Philips Medical Capital Europe, of which 40 percent is owned by
Phillips and 60 percent by SG, concentrates on the German, UK,
French, Italian, Spanish and Dutch markets, as well as, more
recently, some key CEE markets. Its US equivalent, a joint venture
between Philips and De Lage Landen International formed in 2002,
concentrates on financing diagnostic imaging equipment.

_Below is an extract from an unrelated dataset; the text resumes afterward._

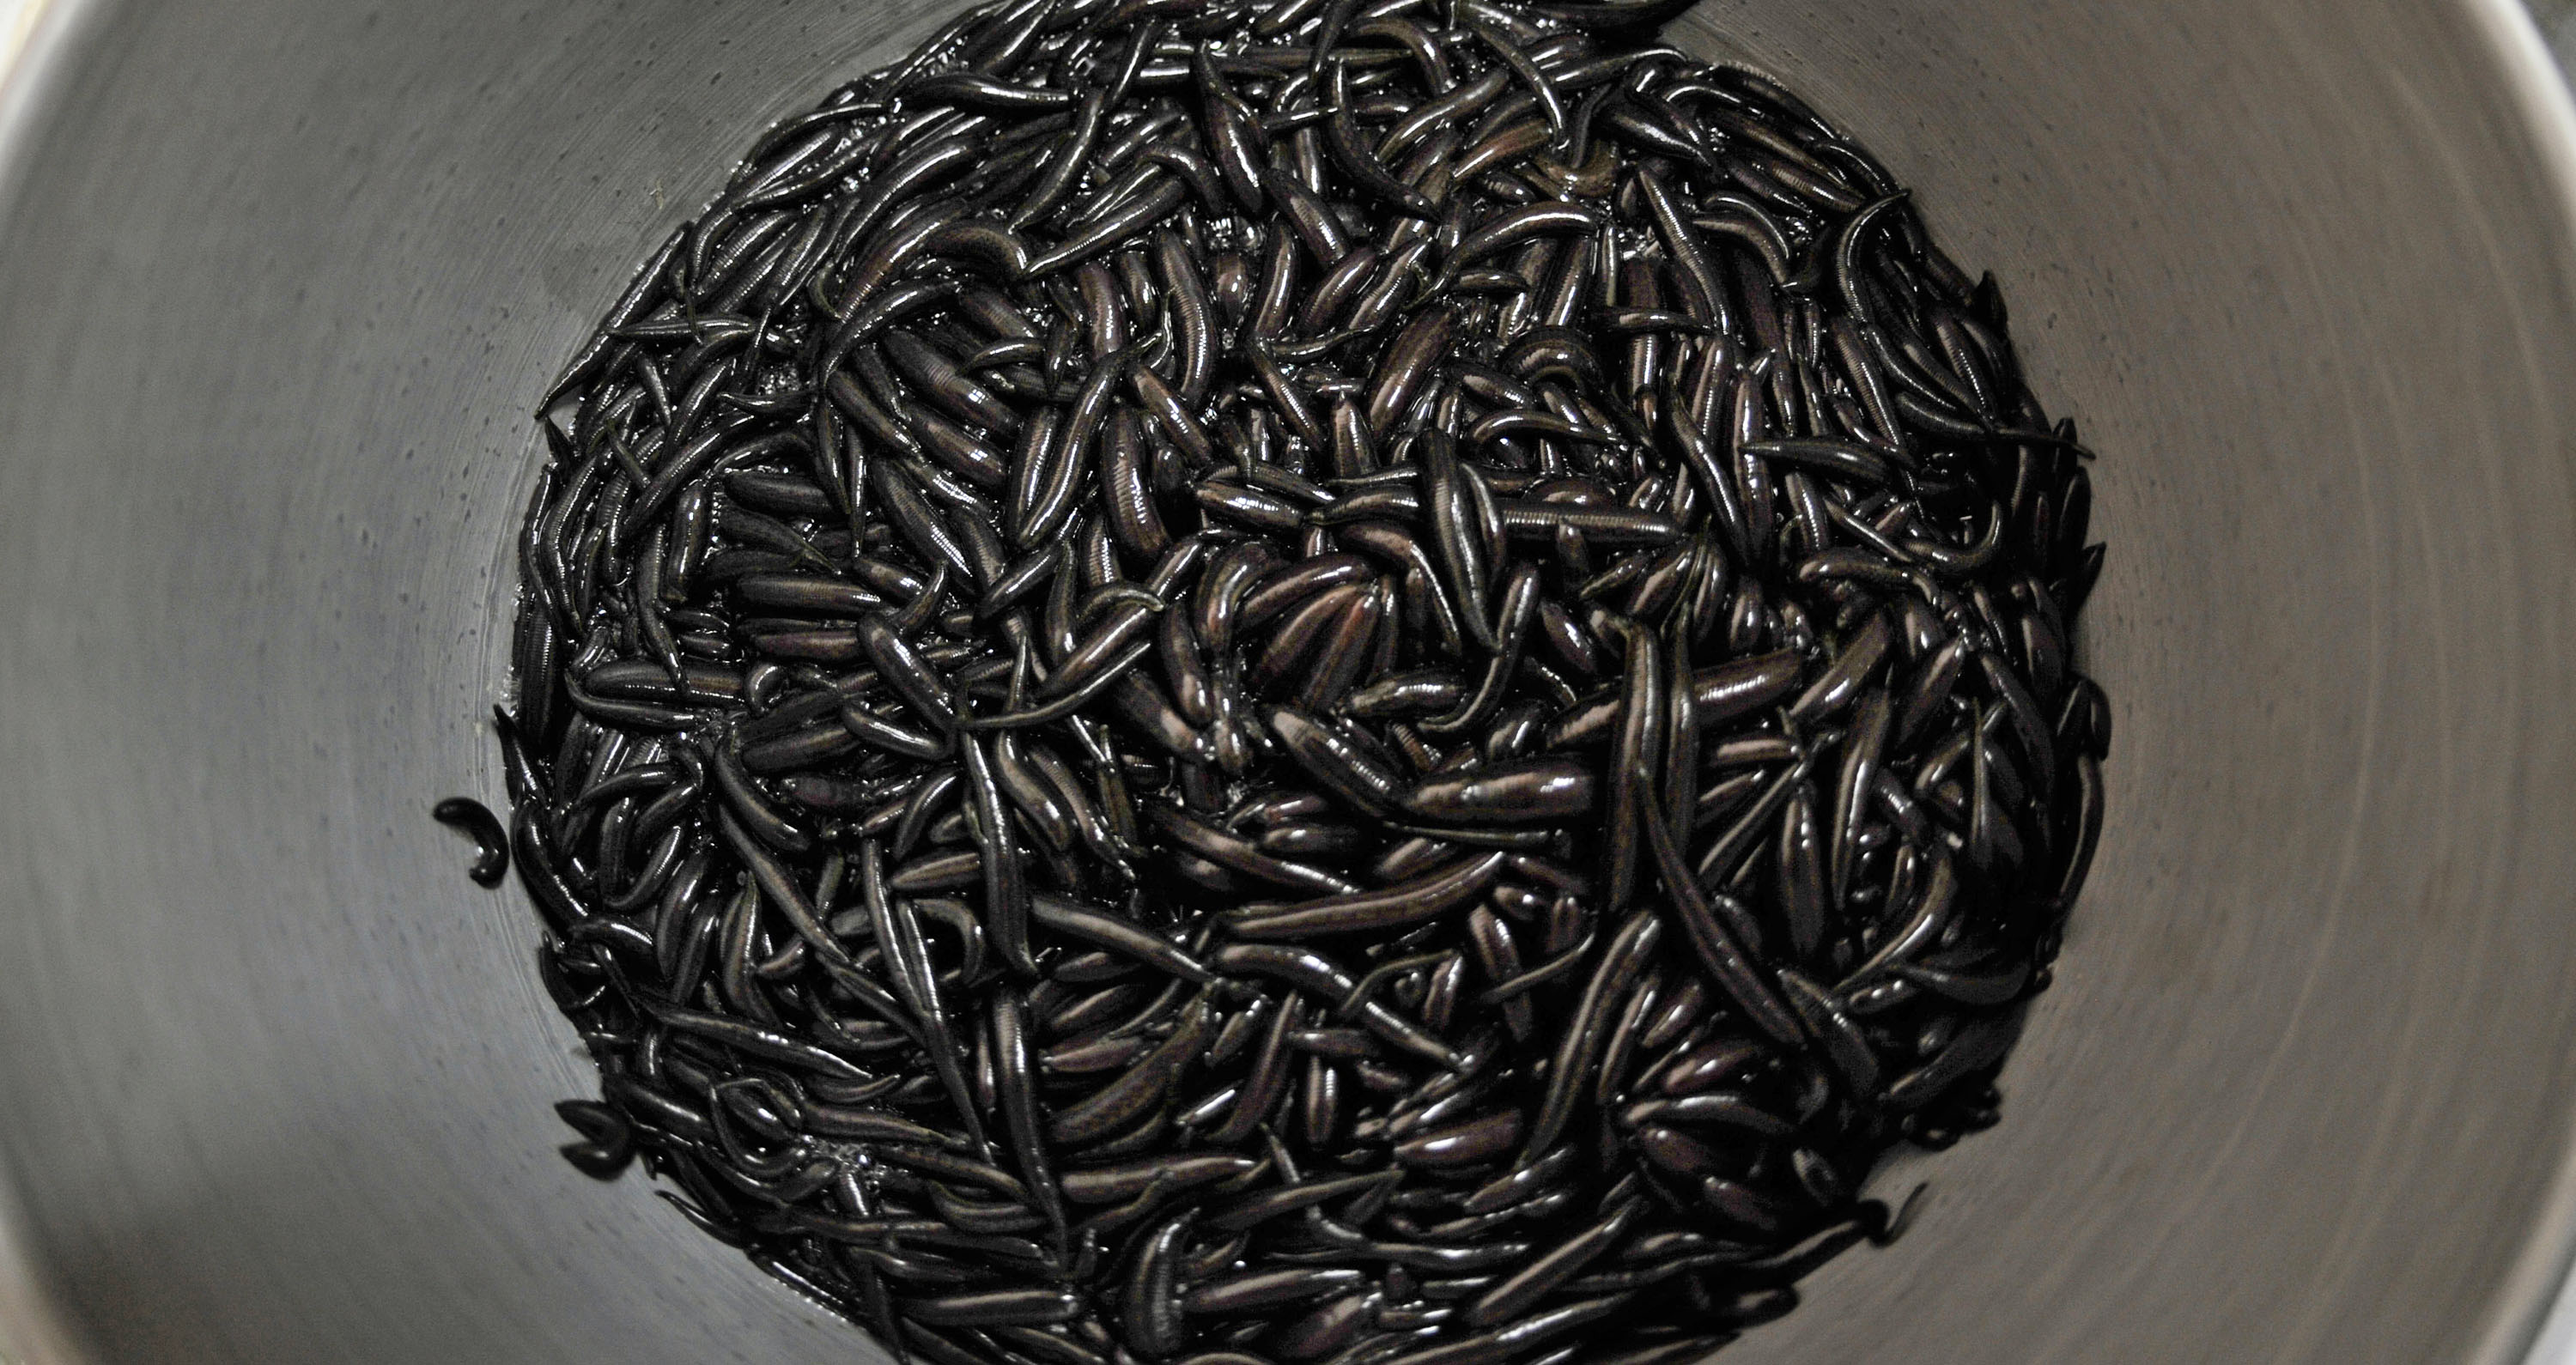 Man smuggles nearly 5,000 leeches into hand luggage on Toronto flight, The  Independent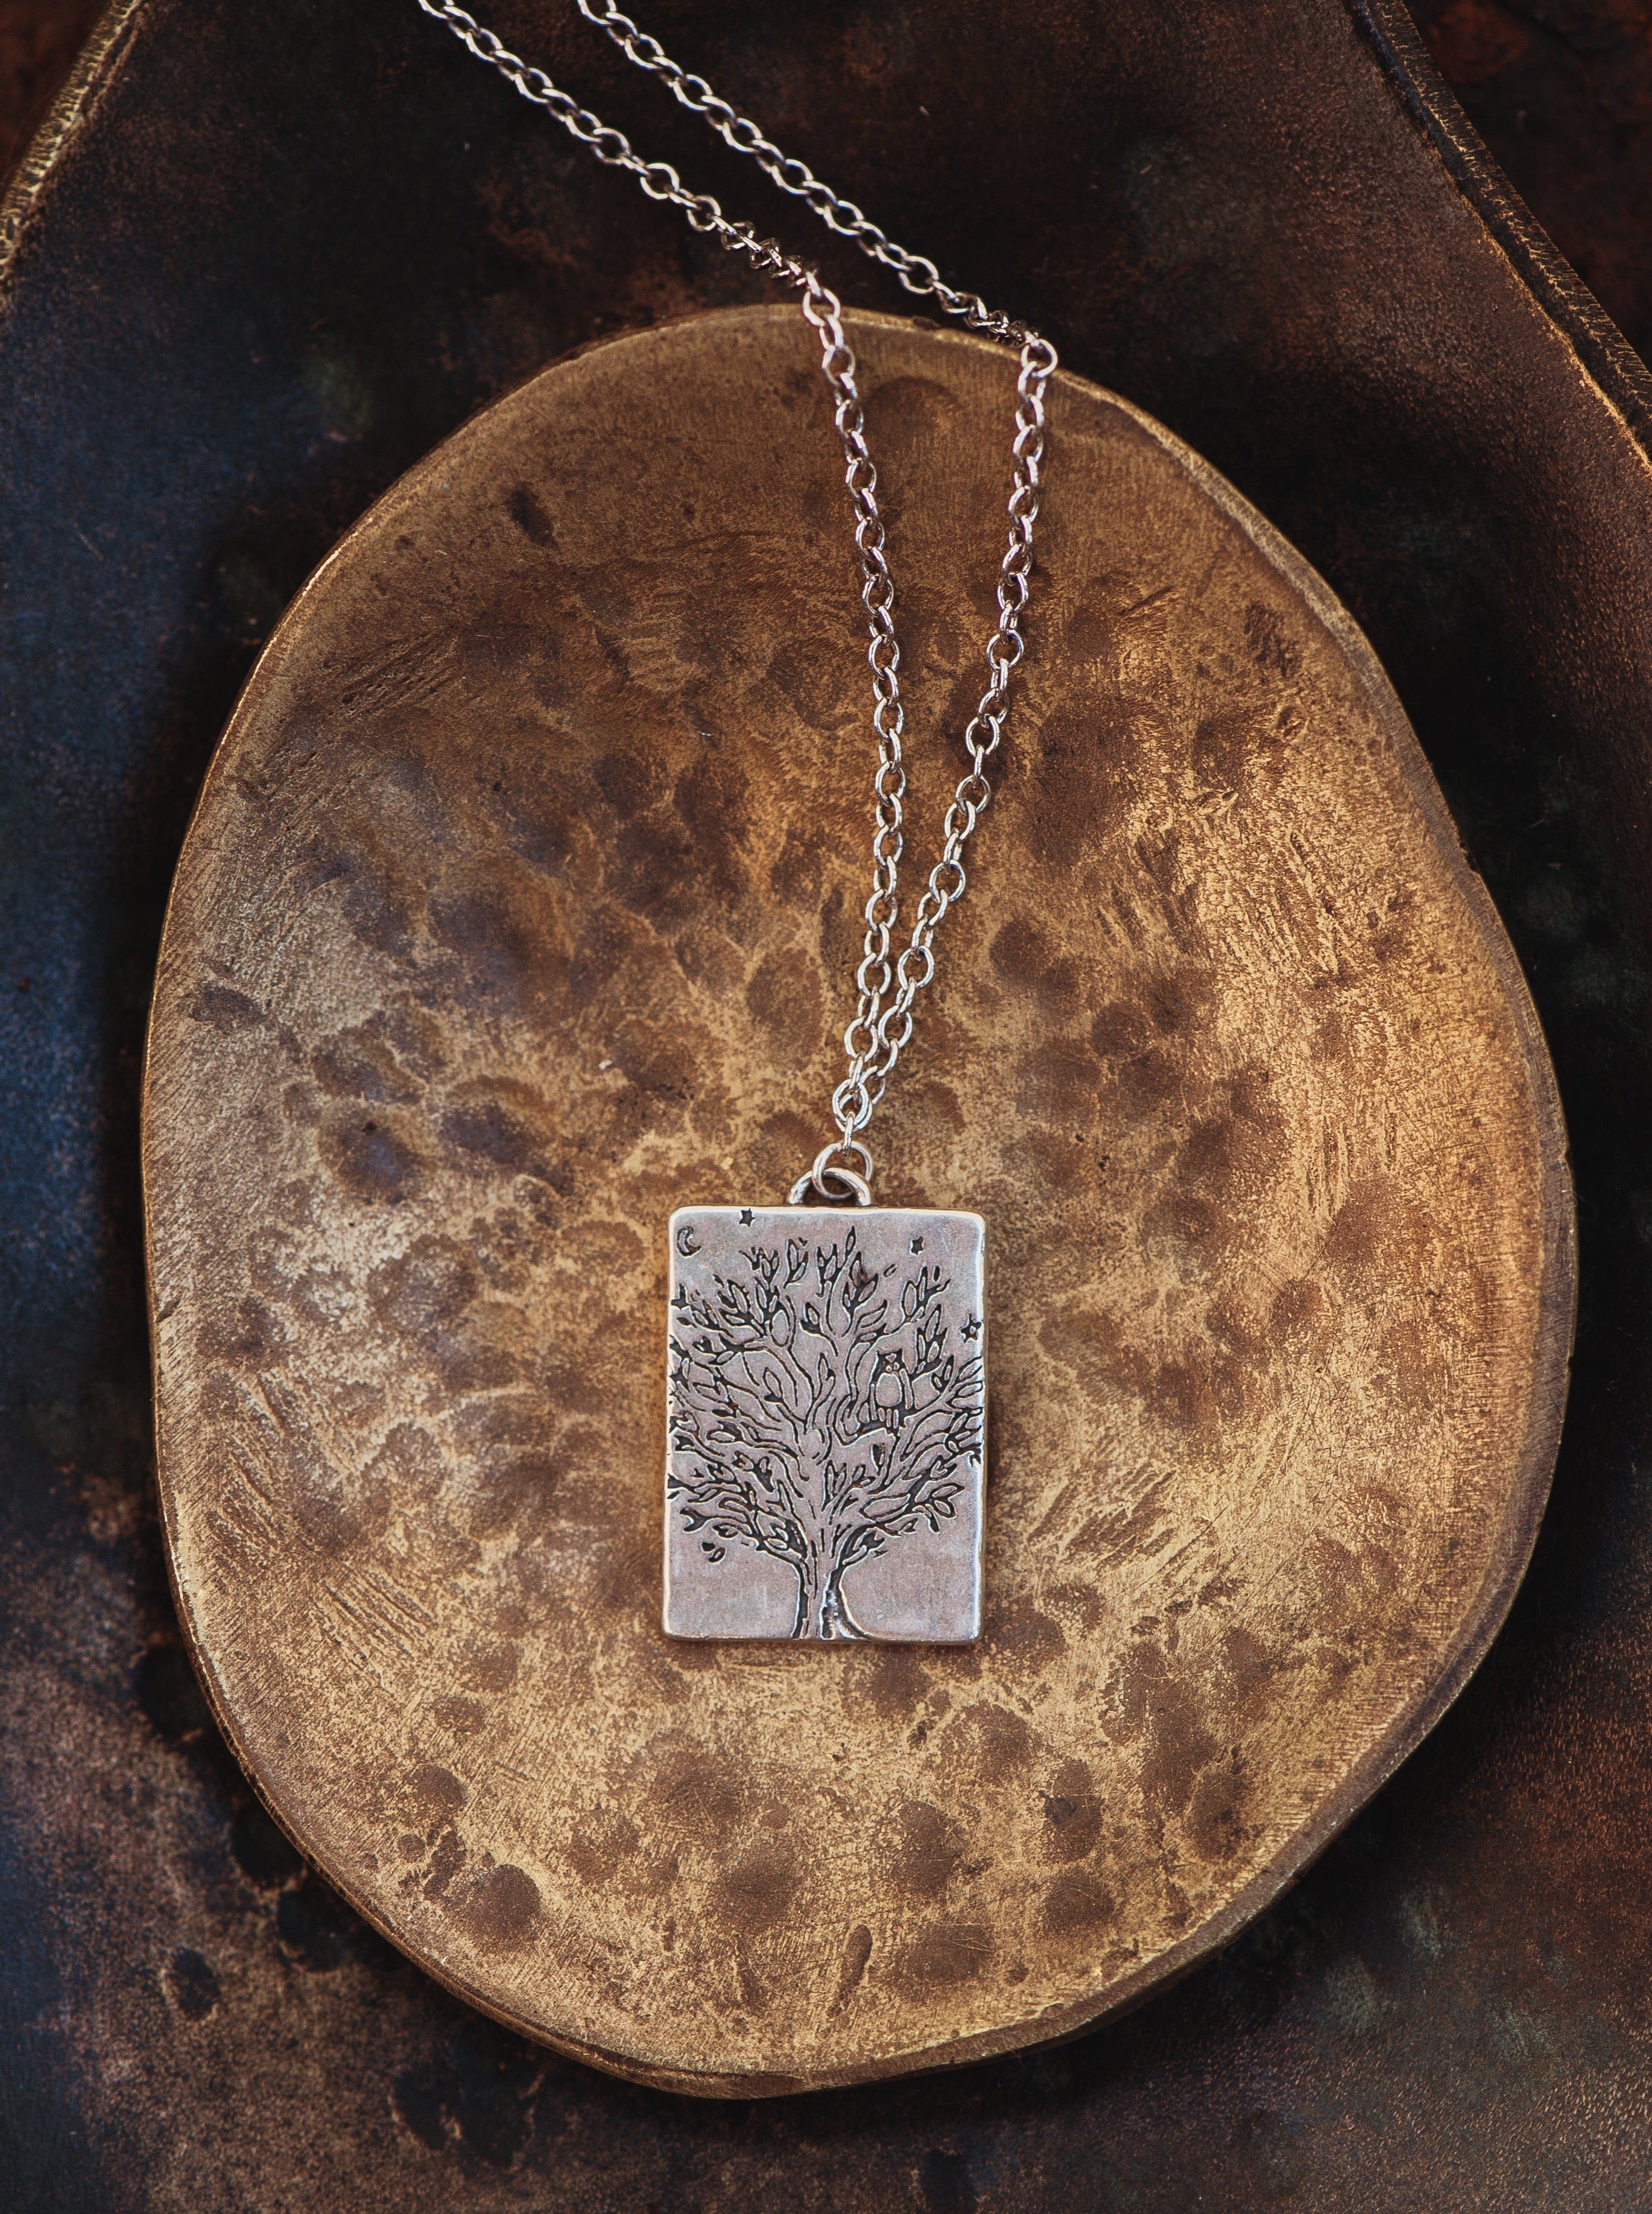 Nurture Every Moment Necklace

In terms of scale, SFS is one of the biggest players in the
European health care leasing market. Within the UK it provides over
50 percent of health care equipment financing to the NHS.

SFS, GE Commercial Finance, and Philips Medical Capital Europe
constitute 90 per cent of the large ticket medical equipment
leasing market – predominantly CT and MRI scanners, or assets that
comprise €0.5 million and upwards, according to Jonathan Andrew,
CEO of SFS.

As the table on page 31 illustrates, the main players in the
market have some key vendor finance partnerships.

However, the real wealth of their multiple partnerships is
difficult to quantify, given the general sentiment of secrecy and
competition amongst lessors who refused to comment on various
individual joint ventures or vendor finance arrangements.